Would You Like Fries With That?
By Suzanne Lever
Given the current state of the economy, law firms are looking for ways to expand their business opportunities. One approach is for the law firm to begin offering law-related services. Law-related services consist of services that "might reasonably be performed in conjunction with and in substance are related to the provision of legal services, and that are not prohibited as unauthorized practice of law when provided by a nonlawyer." Rule 5.7(b). Sometimes called ancillary businesses, law-related services range from financial planning to lobbying to psychological counseling.
There are many ethical issues a law firm should consider when deciding to offer law-related services. An initial consideration should be whether to offer the services "in-house" or through a separate entity. When law-related services are provided under circumstances that are not distinct from the provision of legal services (in-house), the law firm will be subject to all of the Rules of Professional Conduct with respect to the provision of the law-related services. The primary ethical concerns present in such an arrangement are avoiding conflicts of interest and maintaining client confidentiality.
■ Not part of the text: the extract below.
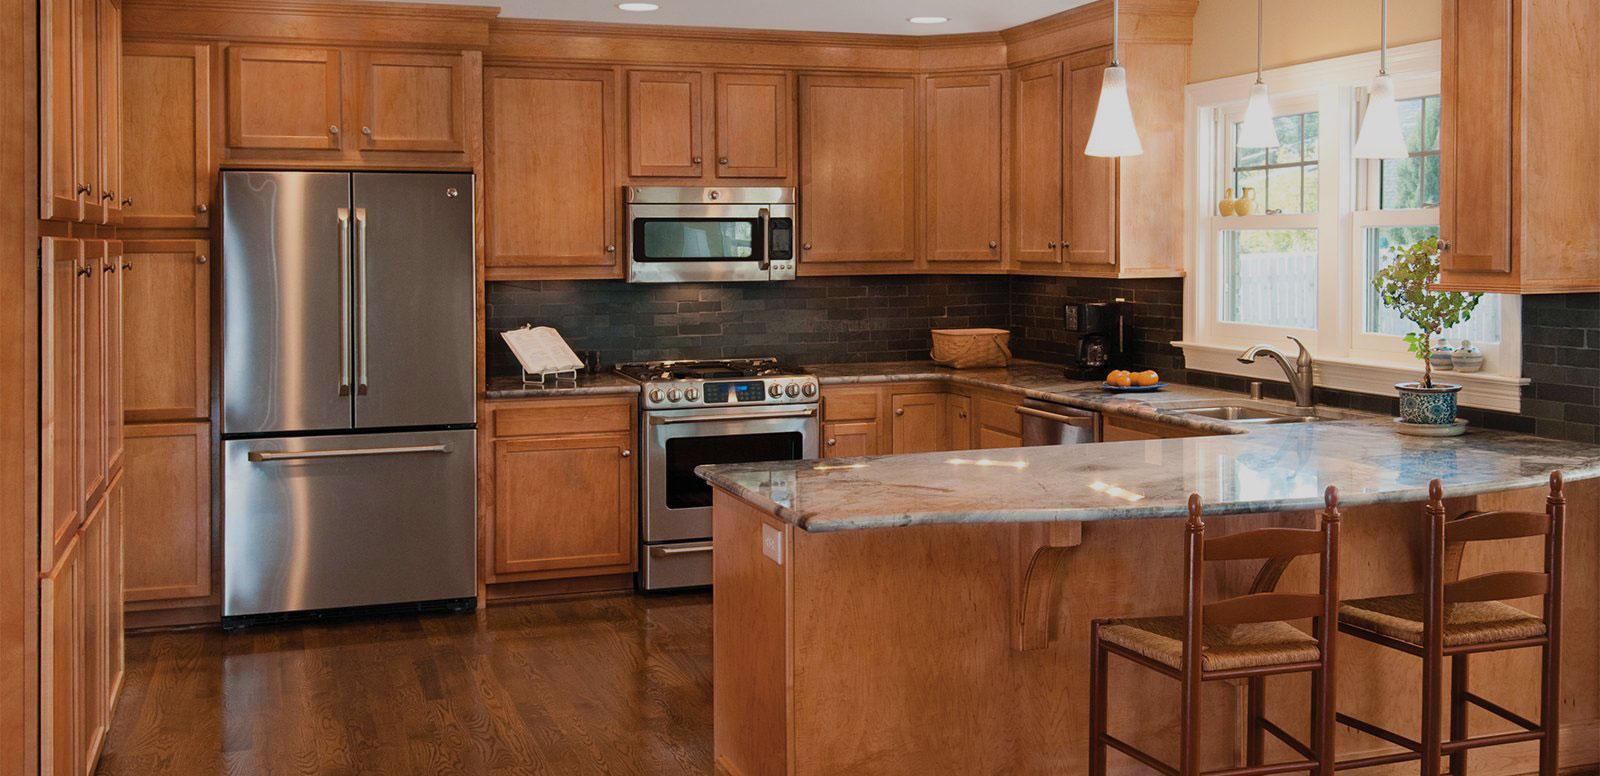 restore kitchen cabinets round table and chairs cabinet restoration antique furniture restorer
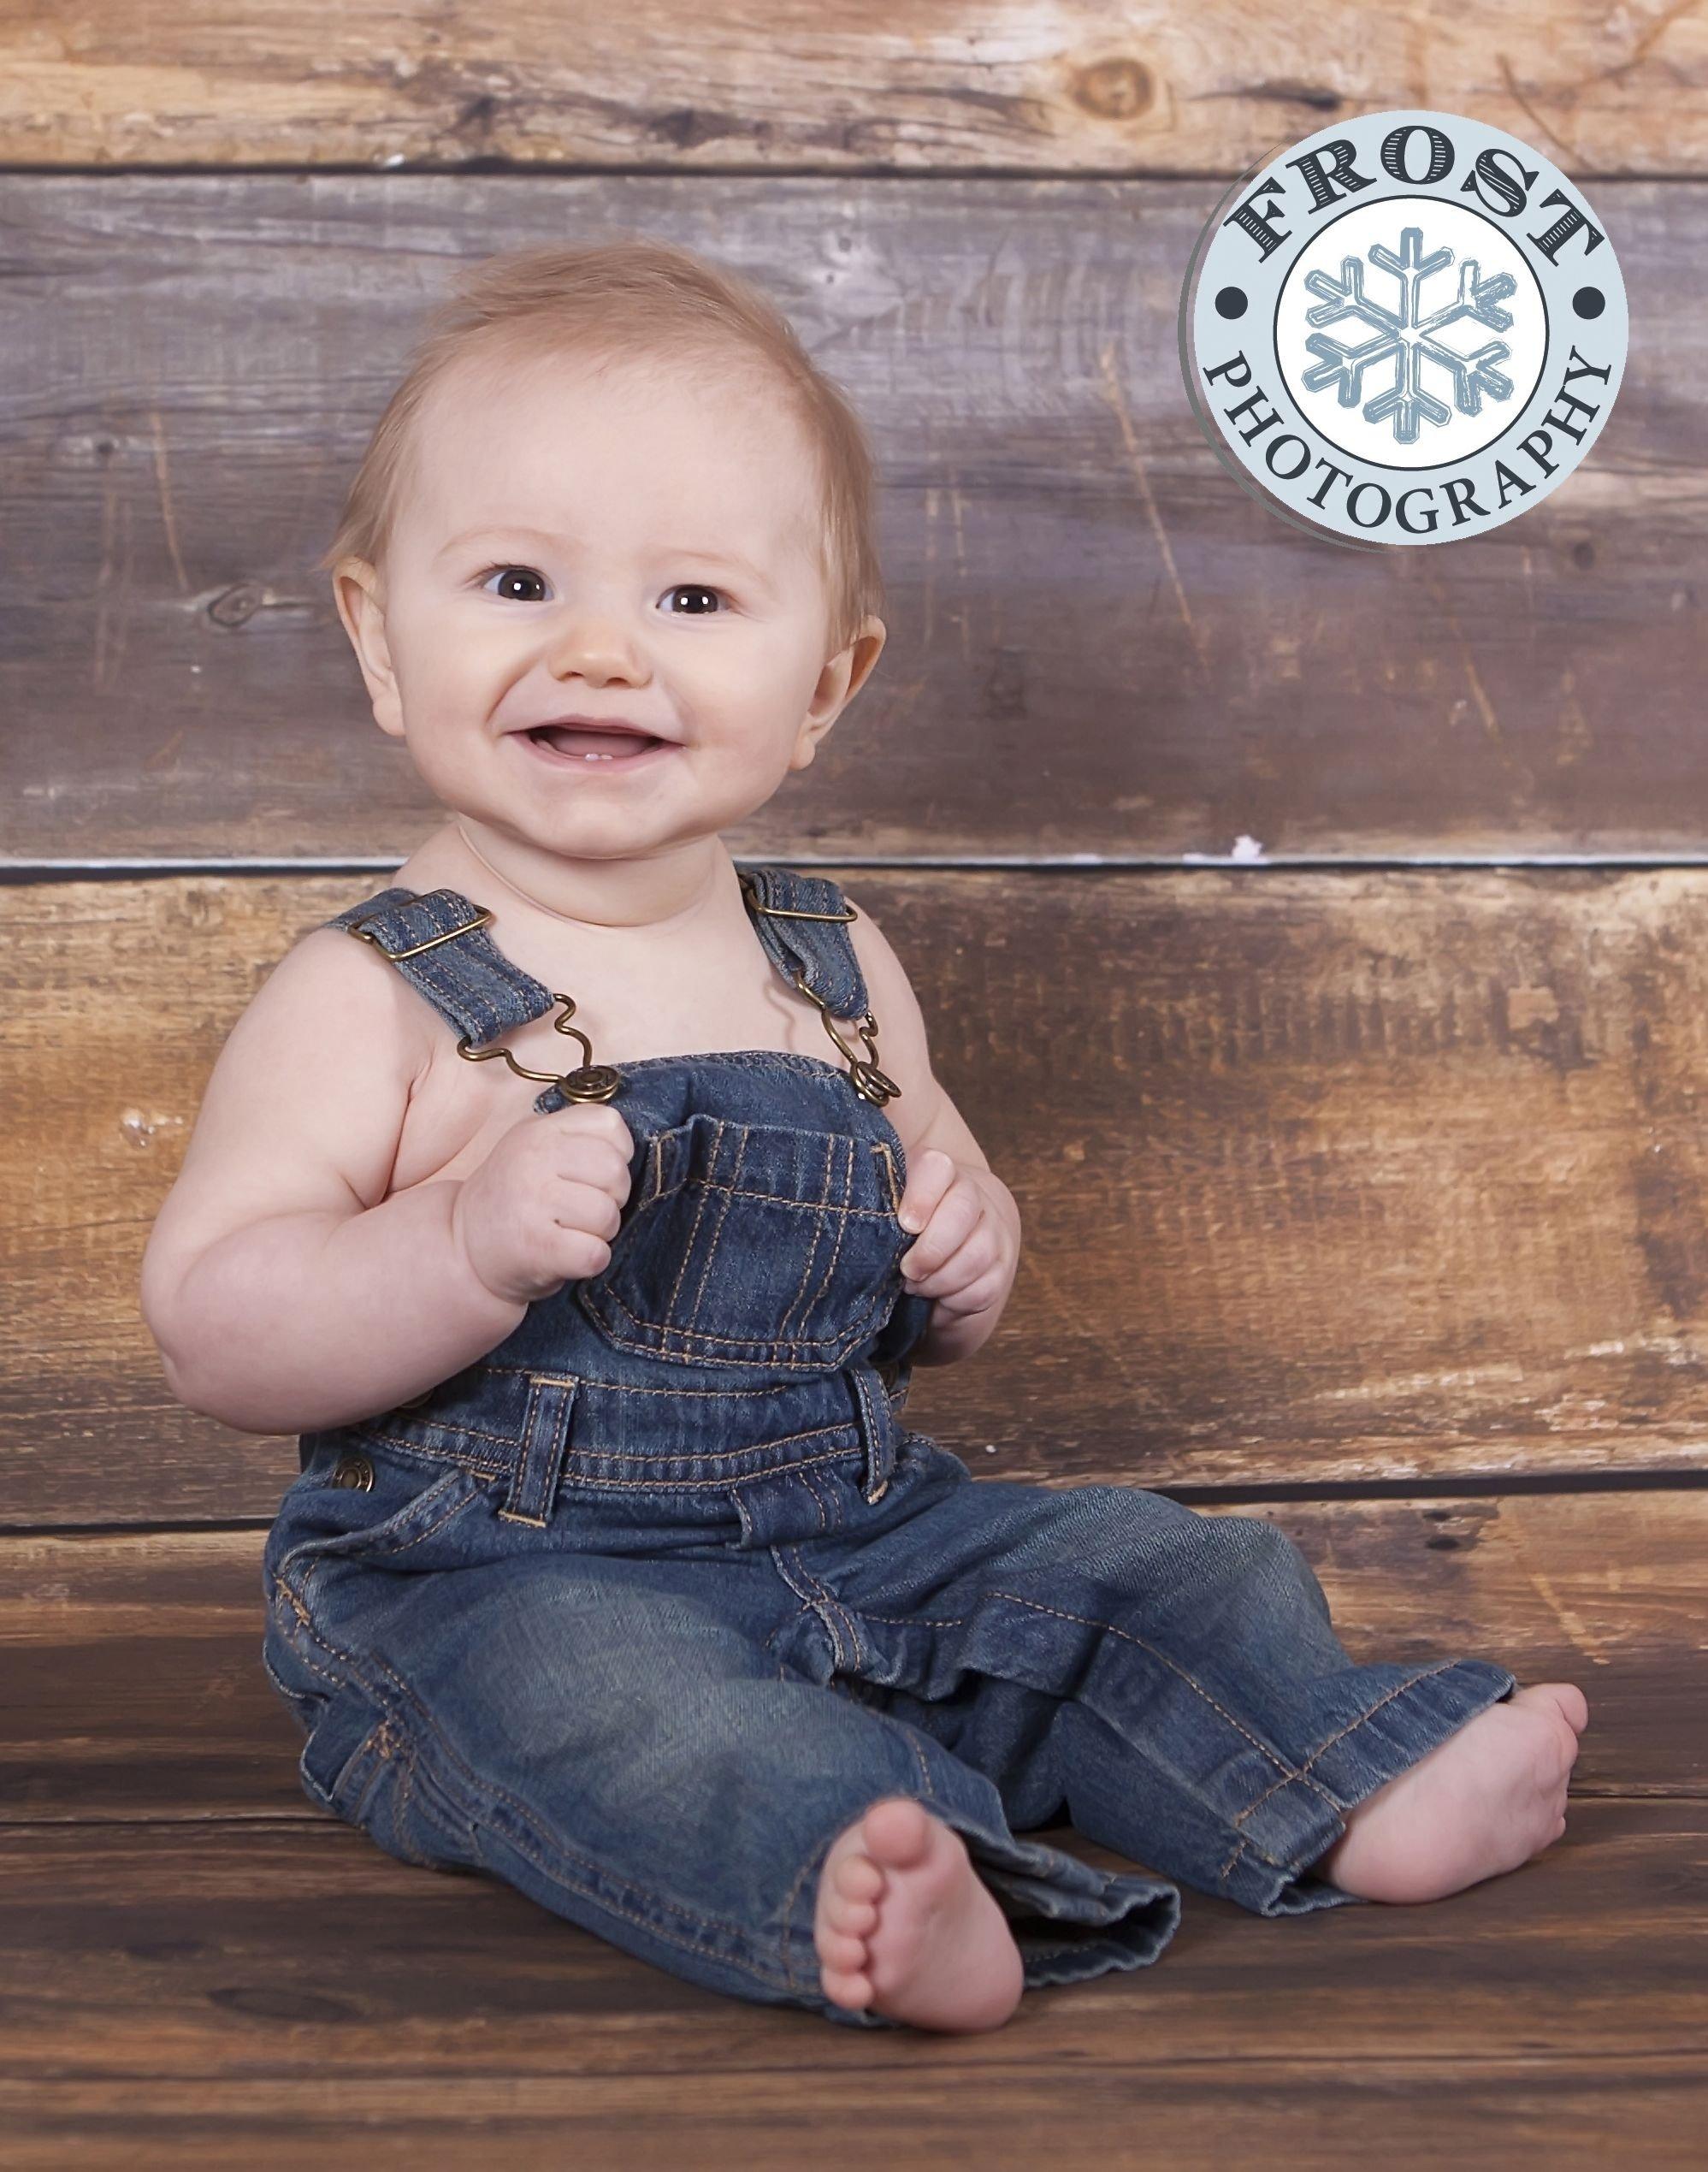 10 Wonderful 6 Month Baby Boy Photo Ideas 6 month baby boy overalls portrait google search picture ideas 1 2020

If the law-related services are provided by a separate entity, the law firm will still be subject to all of the Rules of Professional Conduct unless the law firms takes "reasonable measures" to ensure that a person obtaining the law-related services knows that the services are not legal services and that the protections of the lawyer-client relationship (i.e., the protection of client confidences, prohibition against representation of persons with conflicting interests, protection of the attorney-client privilege, and obligation of a lawyer to maintain professional independence) do not exist. See Rule 5.7(a)(2). The communication should be made before entering into an agreement for provision of or providing law-related services. It is best if the communication is in writing. Rule 5.7, cmt. . Remember that a lawyer is always subject to those ethical rules that apply generally to a lawyer's conduct, irrespective of whether the conduct relates to the provision of legal services. Rule 5.7, cmt. .
The decision of whether to provide the law-related services internally or through a separate entity also implicates the law firm's duties when referring legal clients to the ancillary business. Referrals of clients from the law firm to a separate law-related business in which the lawyer has an ownership interest constitute business transactions with a client and are subject to the requirements of Rule 1.8(a) (the transaction must be fair to the client, the lawyer must explain the terms of the relationship in writing, and the client must consent in writing and have the opportunity to consult with independent counsel.) When law-related services are provided in-house, the law firm does not have to comply with Rule 1.8(a).
Regardless of whether the law-related services are provided as an in-house service or through a subsidiary of the law firm, the law firm must comply with Rule 1.7(b) regarding conflicts of interest caused by a lawyer's financial interests. In 2000 FEO 9 the Ethics Committee held that a lawyer who was also a certified public accountant could provide legal services and accounting services from the same office. The opinion cites Rule 1.7 and provides that the lawyer may offer accounting services to his legal clients, provided the lawyer fully discloses his self-interest in making a referral to himself and the lawyer determines that the referral is in the best interest of the client. The opinion, in reliance on Rule 7.3, also permits in-person solicitation of the business customers for legal services, but only if a "prior professional relationship" had been established.
2000 FEO 9 also touches on the issue of whether a law firm and an ancillary business can advertise together. The opinion holds that advertisements for the lawyer's services may indicate that the lawyer offers both legal and accounting services, subject to any requirements of the State Board of Certified Public Accountant Examiners.
The law firm must also be careful to avoid violations of Rules 5.3, 5.4, and 5.5. Pursuant to Rule 5.4, lawyers are prohibited from sharing legal fees with a nonlaywer or from forming a partnership with a nonlawyer, if any of the activities of the partnership consist of the practice of law. In RPC 238, the ethics committee held that a lawyer specializing in estate planning could employ a nonlawyer financial advisor so that the law firm could offer its clients financial planning. The opinion states that the nonlawyer financial advisor may be an employee of the law firm but may not become a partner, shareholder, or otherwise own an interest in the law firm and that legal fees may not be shared with the nonlawyer employee.
RPC 238 also cautions that the law firm must have in effect measures giving reasonable assurance that the conduct of a nonlawyer financial advisor will be compatible with the lawyer's professional obligations. Rule 5.3. In particular, the financial advisor may not be held out as offering legal services. Rule 5.5 Also, reasonable measures must be taken to explain to the client that the financial advisor is a nonlawyer who cannot provide legal advice.
If your law firm is thinking of moving towards a "value meal" approach to providing legal services, carefully consider how the ancillary business(es) will be structured. Specifically, the law firm should consider (1) whether the services will be provided in-house or through a separate entity; (2) if the firm will use a separate entity, whether the entity will be wholly or partially owned by the law firm; (3) if the law firm will use a separate entity, and will not have 100% ownership, whether the remaining owners will be lawyers or nonlawyers.
Suzanne Lever is assistant ethics counsel at the State Bar.